A Stitch in Time: Learning Procedural Workflow via Self-Supervised Plackett-Luce Ranking
Chengan Che, Chao Wang, Xinyue Chen, Sophia Tsoka, Luis C. Garcia-Peraza-Herrera
TL;DR
This work reveals that mainstream self-supervised visual representations largely ignore procedural order in video data. It introduces PL-Stitch, a two-branch framework that uses Plackett-Luce listwise ranking to learn global procedural progression from frame sequences and to capture fine-grained cross-frame cues via a spatio-temporal jigsaw and masked image modeling, all trained on a shared ViT backbone.

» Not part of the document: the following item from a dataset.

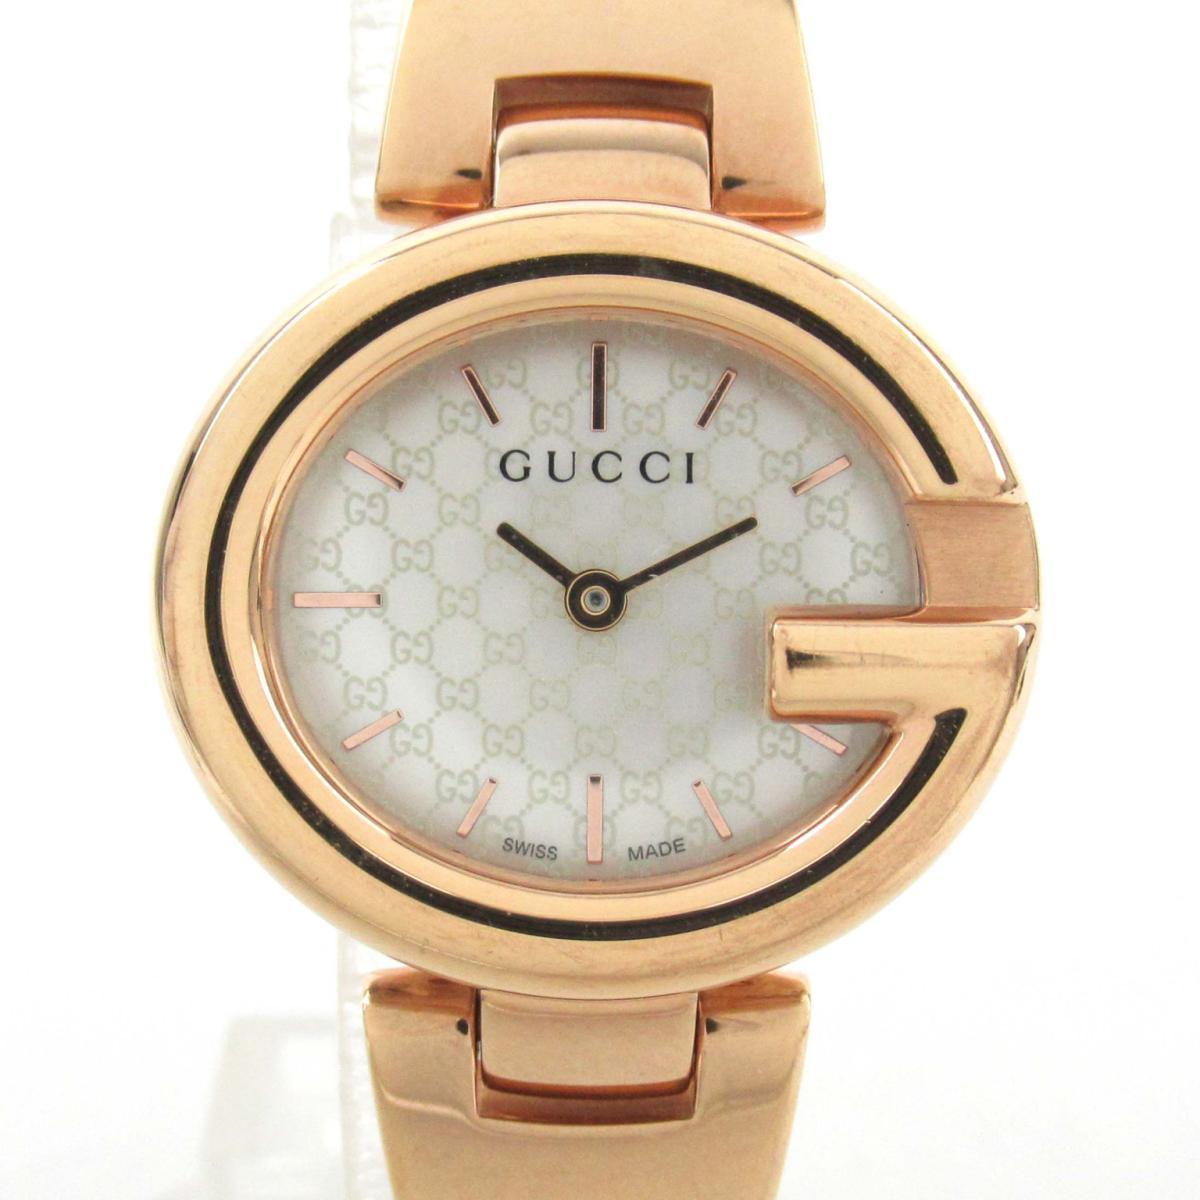 【中古】 グッチ 腕時計 ウォッチ レディース ステンレススチール (SS) (134.5)   GUCCI BRANDOFF ブランドオフ ブランド ブランド時計 ブランド腕時計 時計

The approach achieves state-of-the-art results on five procedural benchmarks, with substantial gains in surgical phase recognition and cooking action segmentation, demonstrating the practical value of explicitly modeling temporal order. The work also provides extensive ablations and qualitative analyses showing robust, interpretable representations that align with real procedural structure. Future directions include action anticipation and multi-modal alignment with textual procedural guides.
Abstract
Procedural activities, ranging from routine cooking to complex surgical operations, are highly structured as a set of actions conducted in a specific temporal order. Despite their success on static images and short clips, current self-supervised learning methods often overlook the procedural nature that underpins such activities. We expose the lack of procedural awareness in current SSL methods with a motivating experiment: models pretrained on forward and time-reversed sequences produce highly similar features, confirming that their representations are blind to the underlying procedural order. To address this shortcoming, we propose PL-Stitch, a self-supervised framework that harnesses the inherent temporal order of video frames as a powerful supervisory signal. Our approach integrates two novel probabilistic objectives based on the Plackett-Luce (PL) model. The primary PL objective trains the model to sort sampled frames chronologically, compelling it to learn the global workflow progression. The secondary objective, a spatio-temporal jigsaw loss, complements the learning by capturing fine-grained, cross-frame object correlations. Our approach consistently achieves superior performance across five surgical and cooking benchmarks. Specifically, PL-Stitch yields significant gains in surgical phase recognition (e.g., +11.4 pp k-NN accuracy on Cholec80) and cooking action segmentation (e.g., +5.7 pp linear probing accuracy on Breakfast), demonstrating its effectiveness for procedural video representation learning.